Colwin’s novel, Family Happiness, is a simple story. It concerns Polly Solo-Miller, a good girl from a good family, living a good life according to the rules instilled in her during childhood, who suddenly finds herself having an affair with a reclusive painter named Lincoln. For Polly, whose sense of identity is completely bound up with obedience and virtue, this is nothing short of a cataclysmic disaster, but the fact that Lincoln is essential to her existence shows her something is seriously wrong in her life philosophy. The novel charts the implosion of her cherished beliefs and the intriguing compromises she will make to find her own individual way of living. Much as the family happiness of the title refers to the threat hovering over her own much-loved husband and two children, the family with the real clout here is Polly’s clan, the tribal Solo-Millers with their unbreachable code of conduct. The portraits Colwin paints of Polly’s relations, her magisterial father, dominating her with ‘Daddy’s Horizontal Flicker of Disapproval’, and her delicious monster of a mother, manipulating her tenderly with love and a metaphorical whip of criticism, are exquisitely done. So, too, are the subplots that concern Polly’s two brothers, the younger one, Henry, slobbish, impatient and juvenile, the older, Paul, tyrannical, cold and charmless. Polly, sandwiched in between these unlovely boys, has been handed the role in the family script of the reliable one, the legible one, the one who will continue the family traditions in the way that best pleases her parents. Polly finds, however, that she has paid very dearly for approval, as perfection and excellence as a matter of course are not easy states to reproduce without a gradual build-up of resentment.
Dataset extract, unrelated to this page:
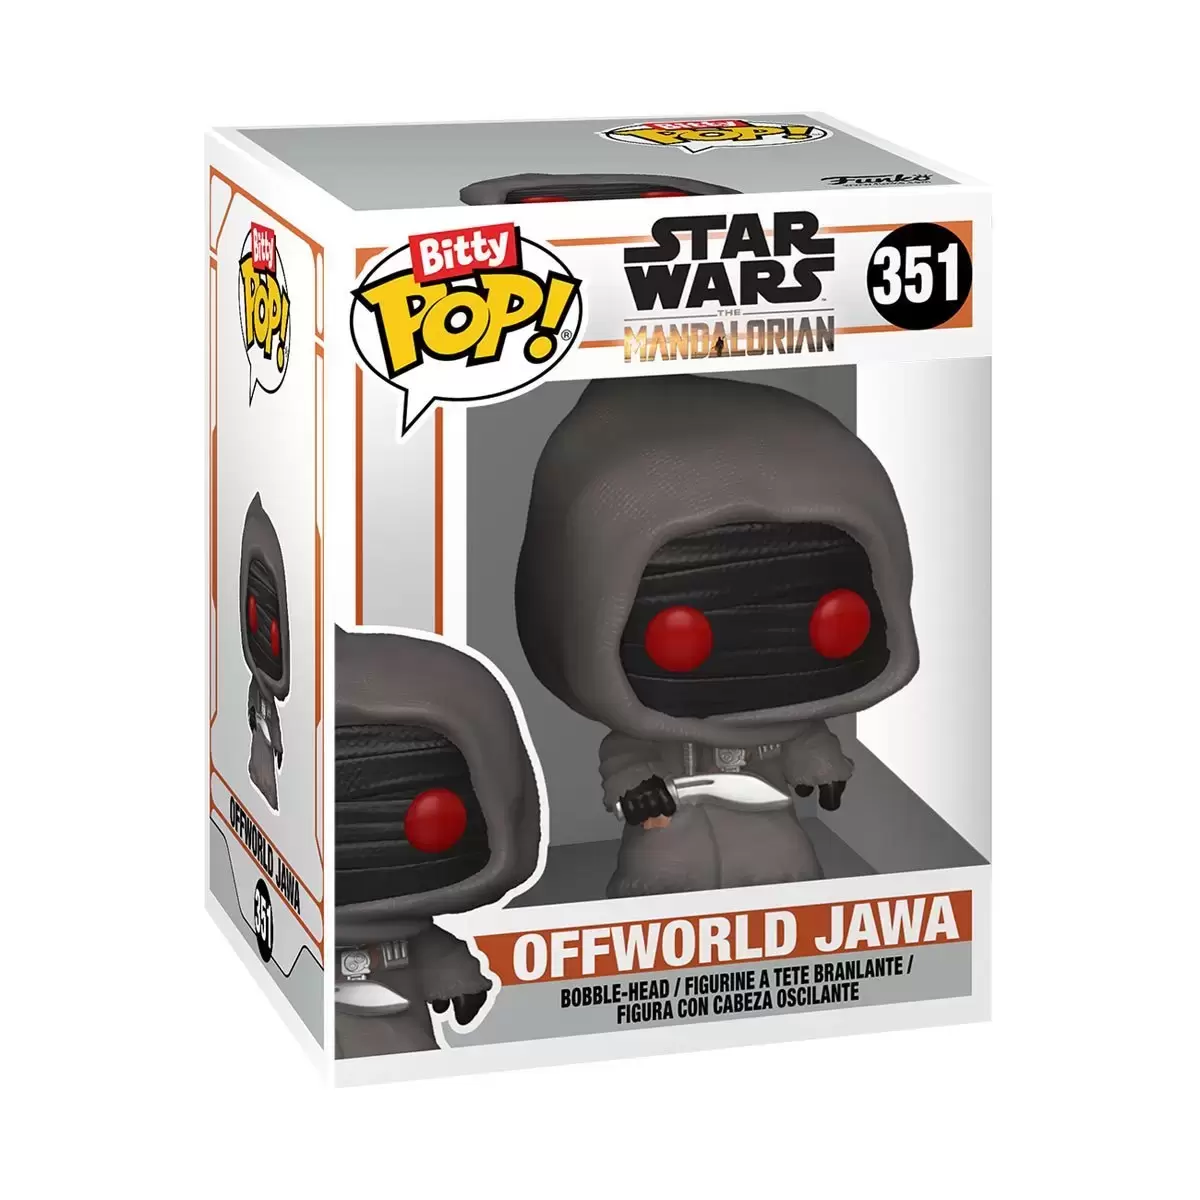 Bitty POP! - Star Wars - Offworld Jawa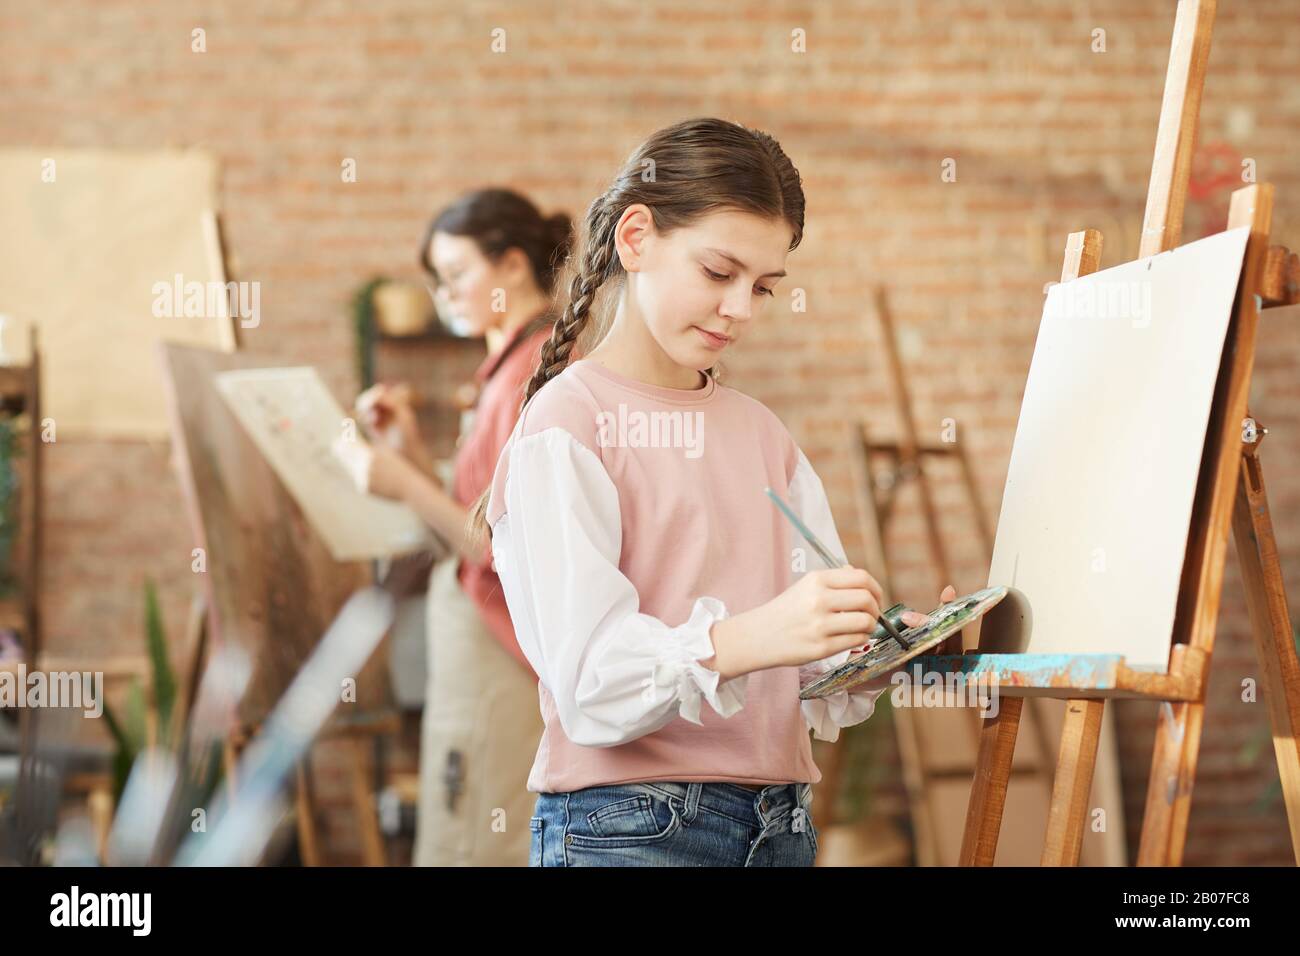 Jeune fille dans des vêtements décontractés apprenant à peindre sur un chevalet pendant sa leçon au studio d'art Banque D'Images

Colwin writes so wonderfully well about the inequality of family relations and the way that some siblings get to wear a far more lightweight mantle of expectations than others. The oldest brother, Paul, is a good case in point and will turn out to be a real thorn in Polly’s side as the narrative progresses. ‘No one, except for Henry, Sr., who had his son’s admiration, knew quite what to do with him. He treated his mother with the tender but essentially distant courtesy you might give to a mildly insane but well-meaning relative. Polly he accepted as if she were a piece of pleasing wallpaper, and Henry, Jr., he ignored as if he were a mess on the rug. His place in the family was absolutely firm and no one expected anything of him. They were thrilled to see him when he showed up.’ Colwin is equally sharp-eyed on the brutality of family love, it’s blackmailer’s demands: ‘It always surprised Polly that other women, who were not so good at making things sweet, whose households were not so sparkling and comfortable, whose children were not so well turned out, behaved as if they, too, deserved love. […] Polly believed that one wrong move and people ceased to love you. Other people – her parents, her brothers, Gwen Stern, Paula Peckham – had some magic charm that allowed them to live any way they wanted. These effortless beings existed on some higher plane. Next to them, Polly was a drudge, the one who could be counted on to do the donkey work without complaint.’ Whilst this sounds like a construction in Polly’s imagination, it is nevertheless true in its way. When Polly forgets about her childrens’ spring break, her mother’s voice becomes ‘formal and demanding, as if to get a confession from a crook’, and when she is forced to leave a restaurant early because she feels too ill to remain there, her mother complains that ‘this is most upsetting’ and her exit is not accompanied by good wishes but her fretful calls of ‘Darling, really.’ Mild sayings perhaps, but ominous omens to one as steeped in the family code as Polly.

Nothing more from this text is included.